Repeat exactly the lines from the line containing "0afee78f5 Arena Svømmebriller" through the last line of the records below, inclusive, and nothing else.

(Exercise materials)

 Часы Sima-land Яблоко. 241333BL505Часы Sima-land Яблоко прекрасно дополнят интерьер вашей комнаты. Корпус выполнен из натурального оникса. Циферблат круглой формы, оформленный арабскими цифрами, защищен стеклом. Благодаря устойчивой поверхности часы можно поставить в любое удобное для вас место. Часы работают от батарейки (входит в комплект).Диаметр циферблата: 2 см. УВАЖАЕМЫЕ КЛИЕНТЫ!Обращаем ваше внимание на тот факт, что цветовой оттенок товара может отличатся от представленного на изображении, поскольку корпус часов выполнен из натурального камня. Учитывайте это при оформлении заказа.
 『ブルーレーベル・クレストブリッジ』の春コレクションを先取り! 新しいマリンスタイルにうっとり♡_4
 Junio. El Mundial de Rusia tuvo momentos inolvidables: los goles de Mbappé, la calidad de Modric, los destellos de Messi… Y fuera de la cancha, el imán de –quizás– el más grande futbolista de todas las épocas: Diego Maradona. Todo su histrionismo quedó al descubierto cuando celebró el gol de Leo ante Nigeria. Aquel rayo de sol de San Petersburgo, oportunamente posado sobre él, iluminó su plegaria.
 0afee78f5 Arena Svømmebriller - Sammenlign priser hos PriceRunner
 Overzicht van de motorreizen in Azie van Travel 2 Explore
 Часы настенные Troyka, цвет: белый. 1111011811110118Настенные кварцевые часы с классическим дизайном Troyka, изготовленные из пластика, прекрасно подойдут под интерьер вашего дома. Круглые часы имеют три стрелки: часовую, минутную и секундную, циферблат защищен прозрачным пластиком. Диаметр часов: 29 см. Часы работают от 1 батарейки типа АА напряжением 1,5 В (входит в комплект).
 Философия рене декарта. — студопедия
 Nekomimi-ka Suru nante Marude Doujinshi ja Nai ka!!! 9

(End Exercise materials)

Finished task
 0afee78f5 Arena Svømmebriller - Sammenlign priser hos PriceRunner
 Overzicht van de motorreizen in Azie van Travel 2 Explore
 Часы настенные Troyka, цвет: белый. 1111011811110118Настенные кварцевые часы с классическим дизайном Troyka, изготовленные из пластика, прекрасно подойдут под интерьер вашего дома. Круглые часы имеют три стрелки: часовую, минутную и секундную, циферблат защищен прозрачным пластиком. Диаметр часов: 29 см. Часы работают от 1 батарейки типа АА напряжением 1,5 В (входит в комплект).
 Философия рене декарта. — студопедия
 Nekomimi-ka Suru nante Marude Doujinshi ja Nai ka!!! 9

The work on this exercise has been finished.